INHILKLIK.COM, PEKANBARU - Perum Badan Urusan Logistik (Bulog) Divisi regional Riau dan Kepulauan Riau (Kepri), optimistis serapan padi petani akan melebihi target 4.400 ton hingga akhir tahun 2019.

"Minggu kemarin masuk 750 ton lagi padi hasil panen petani di Riau," kata Kepala Bulog Riau-Kepri Abdul Muis S Ali di Pekanbaru, Jumat (15/11/2019).

Abdul Muis S Ali menyatakan dengan posisi demikian, maka capaian serapan gabah petani di Riau sudah memenuhi target 100 persen sesuai yang dipatok pemerintah pusat tahun 2019 yakni 4.400 ton.

Sedangkan sambung Abdul Muis S Ali, masih tersisa lebih sebulan lagi waktu menjelang tutup tahun. Di sisi lain beberapa daerah lain di Riau masih ada yang sedang panen, sehingga jumlah serapan tersebut masih akan berubah seiring waktu.

"Kini ada beberapa desa masih panen di Tembilahan, Siak, dan Kampar," tutur dia.

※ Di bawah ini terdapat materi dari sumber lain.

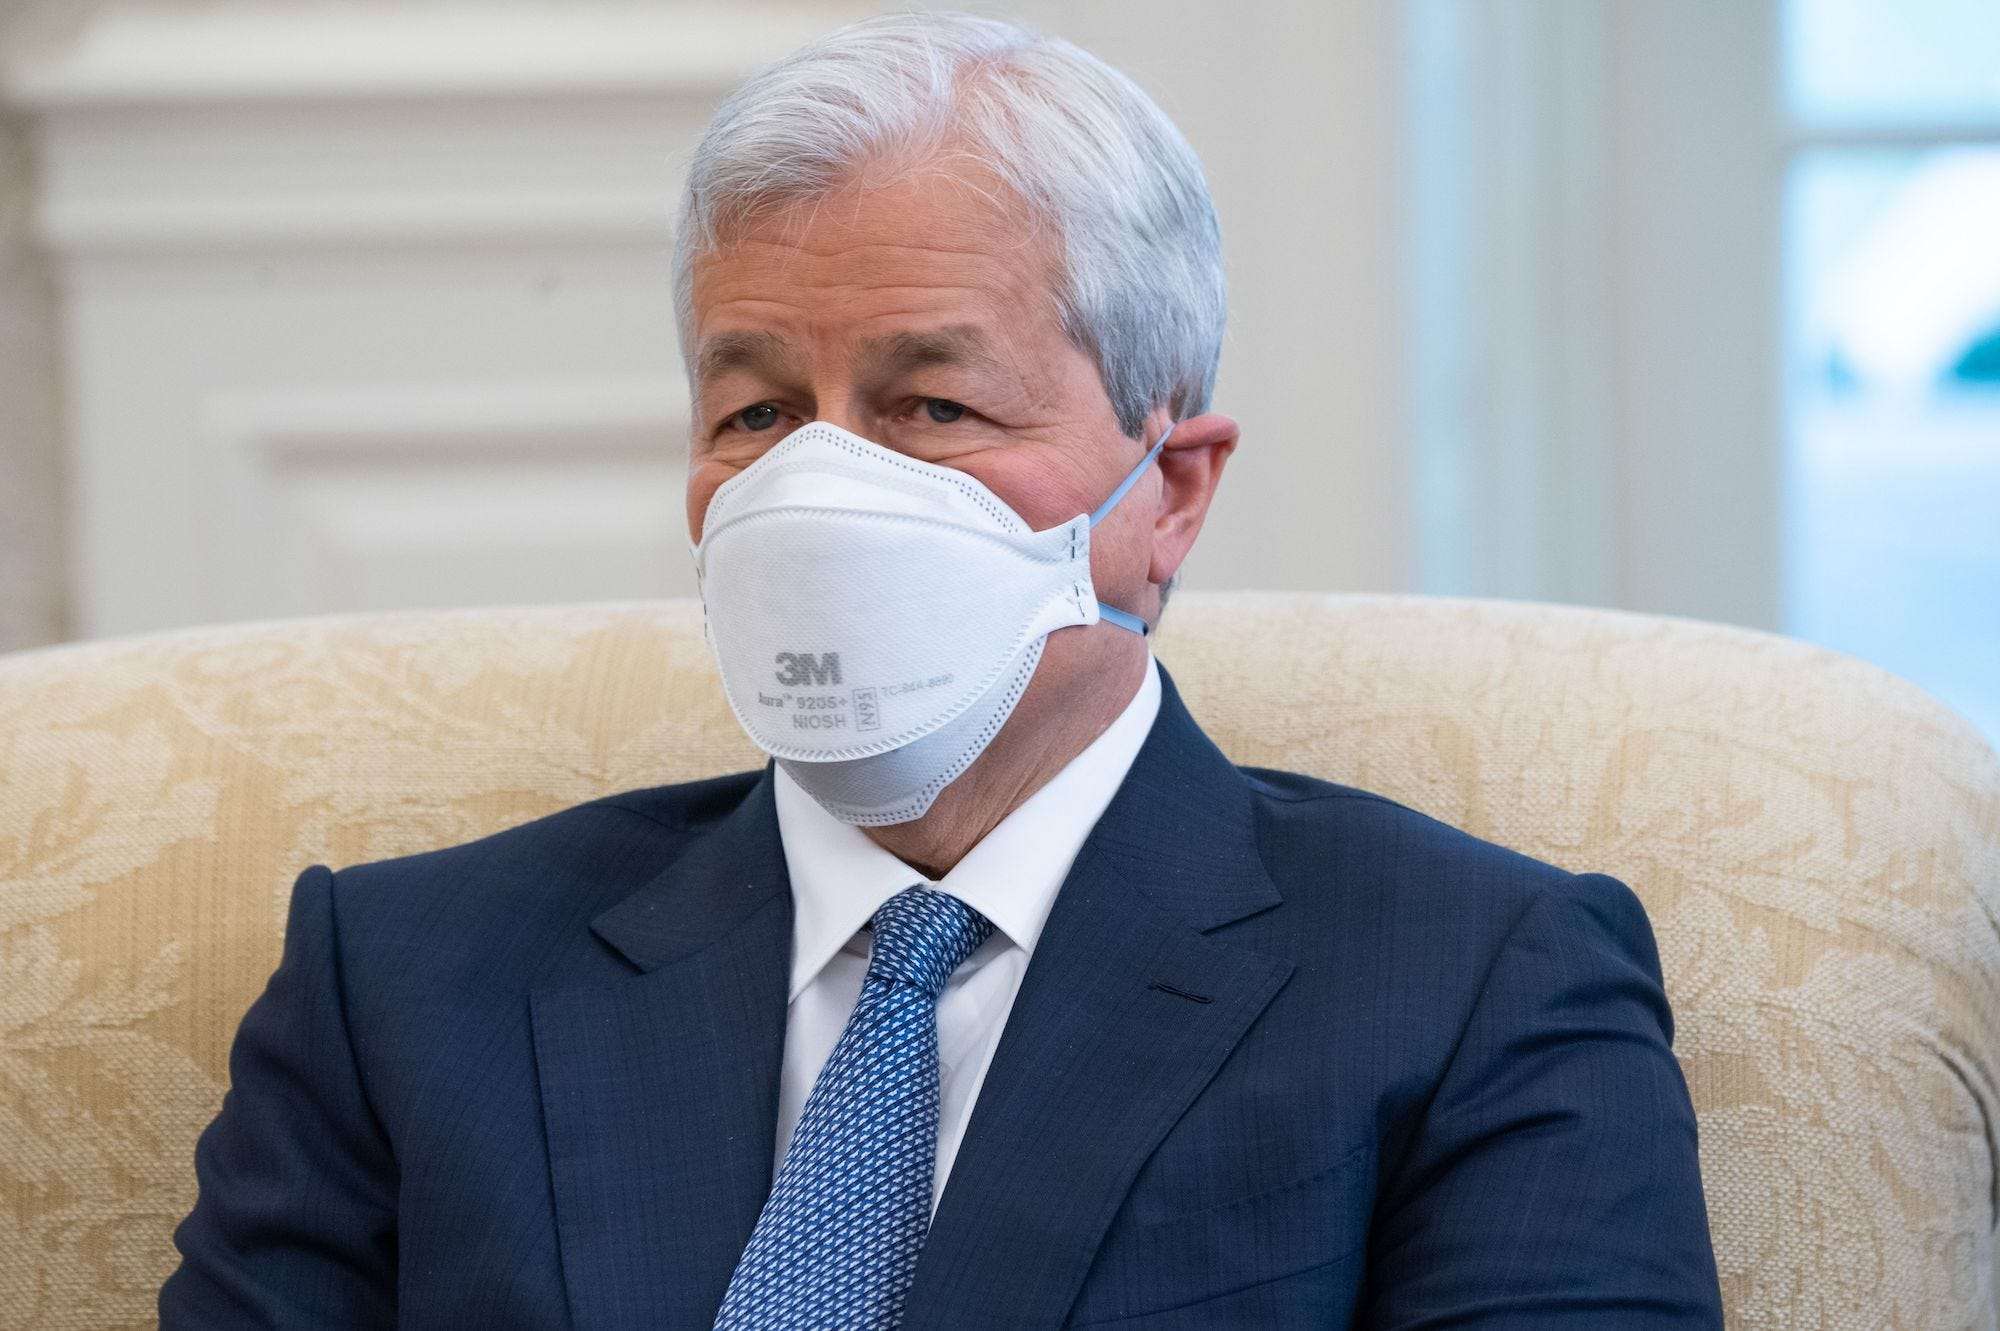 CEO Jamie Dimon says the bank will only need office capacity

Menurutnya, meskipun Provinsi Riau dan Kepri bukan daerah penghasil padi, namun untuk menjalankan amanat pemerintah pusat untuk menjaga harga jual di tingkat petani, pihaknya harus berupaya memaksimalkan penyerapan.

Ia mengatakan penetapan target serapan gabah ini disamakan dengan target tahun 2018, mengingat luas lahan tanam yang tidak jauh beda.

Muis mengakui tahun 2018 lalu pihaknya hanya mampu menyerap beras petani sebanyak 2.500 ton saja, jauh dari target yang ditetapkan yakni 4.000 ton.

"Karena persoalan harga gabah dan beras di atas Harga Pembelian Pemerintah (HPP)," ujarnya, dikutip antara.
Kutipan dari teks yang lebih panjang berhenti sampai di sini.